Have a Recovery Sports Massage. After finishing a marathon your muscles can often feel achy and tired this is because they are inflamed due to the repetitive stress and load of running long distance. This causes the muscle fibres to produce waste such as lactic acid that can remain in the compartments of your legs and prolong the feeling of soreness. 

A Sports Massage and can help flush through muscle waste products and improve the speed of your recovery, so that you don’t have sore, tight and achy muscles for longer than you should have. 
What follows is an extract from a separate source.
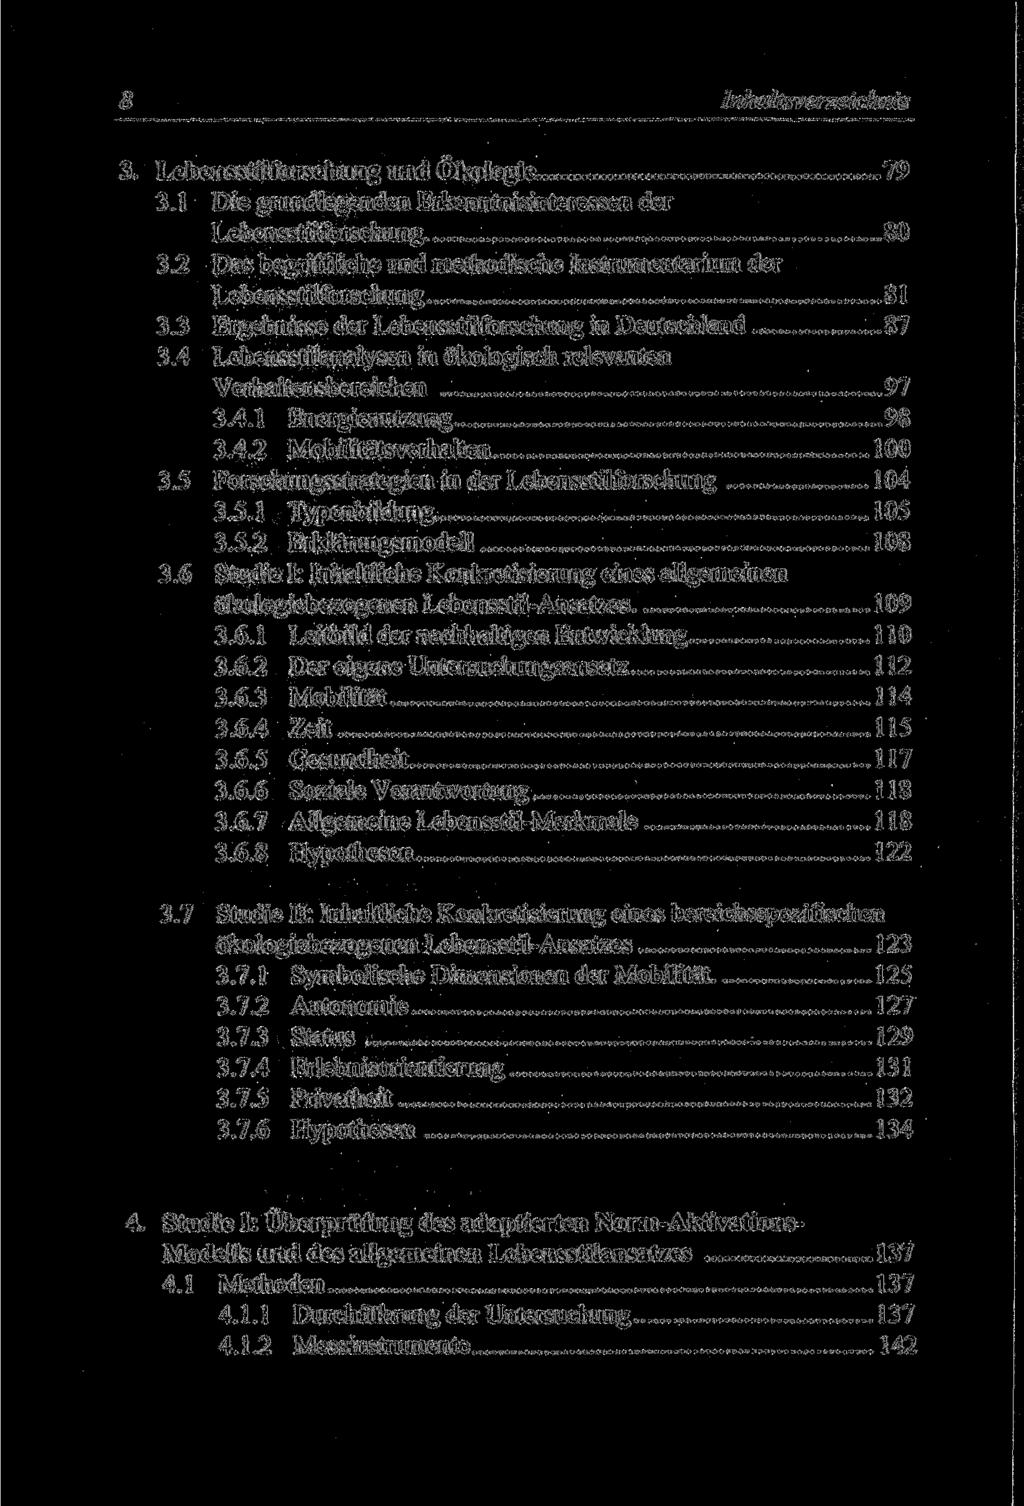 8 Inhaltsverzeichnis 3. Lebensstilforschung und Ökologie 79 3.1 Die grundlegenden Erkenntnisinteressen der Lebensstilforschung 80 3.

Keep Mobile. In the days and weeks after a marathon its very easy to sit for long periods and to avoid your daily activities. However it is important to stay mobile and take short walks as you will be more likely to stiffen up in your leg muscles if you sit around. 

Stretch in the Daytime. It is also important to do long hold (30-40 seconds) static stretching to your legs and hip muscles, particularly your calfs, quadriceps and hip flexors as these will probably be the most effected areas. Remember not to hold the stretch too tight and ensure that your breathe and relax while holding a stretch for the best results.

Elevation & ICE in the evening. At the end of a day it can be beneficial to use cold therapy to help speed up your recovery, by reducing the inflammation in your legs. A practical way of doing this is to wrap a bag of peas in a tea towel and place it on your legs for 10minutes every hour for three applications in the evening before going to bed. 

It is a bonus if you can also have your feet up on some pillows so your legs are up higher than your heart. The elevation may have the added benefit of sending fluid back towards your hips where your lymphatic system can help speed up your recovery.

Sleep, Eat & Drink Well. A good 8-10hour sleep in the nights after a marathon will help your body recover and promote healing as well as to rebalance your hormones. Try to minimise eating junk foods and drinking alcohol instead add in some more water or herbal teas as well as one or two more pieces of fruit and vegetables to your daily meals as this will increase the level of anti-oxidants in your blood which will help speed up your recovery by reducing inflammation in your muscles.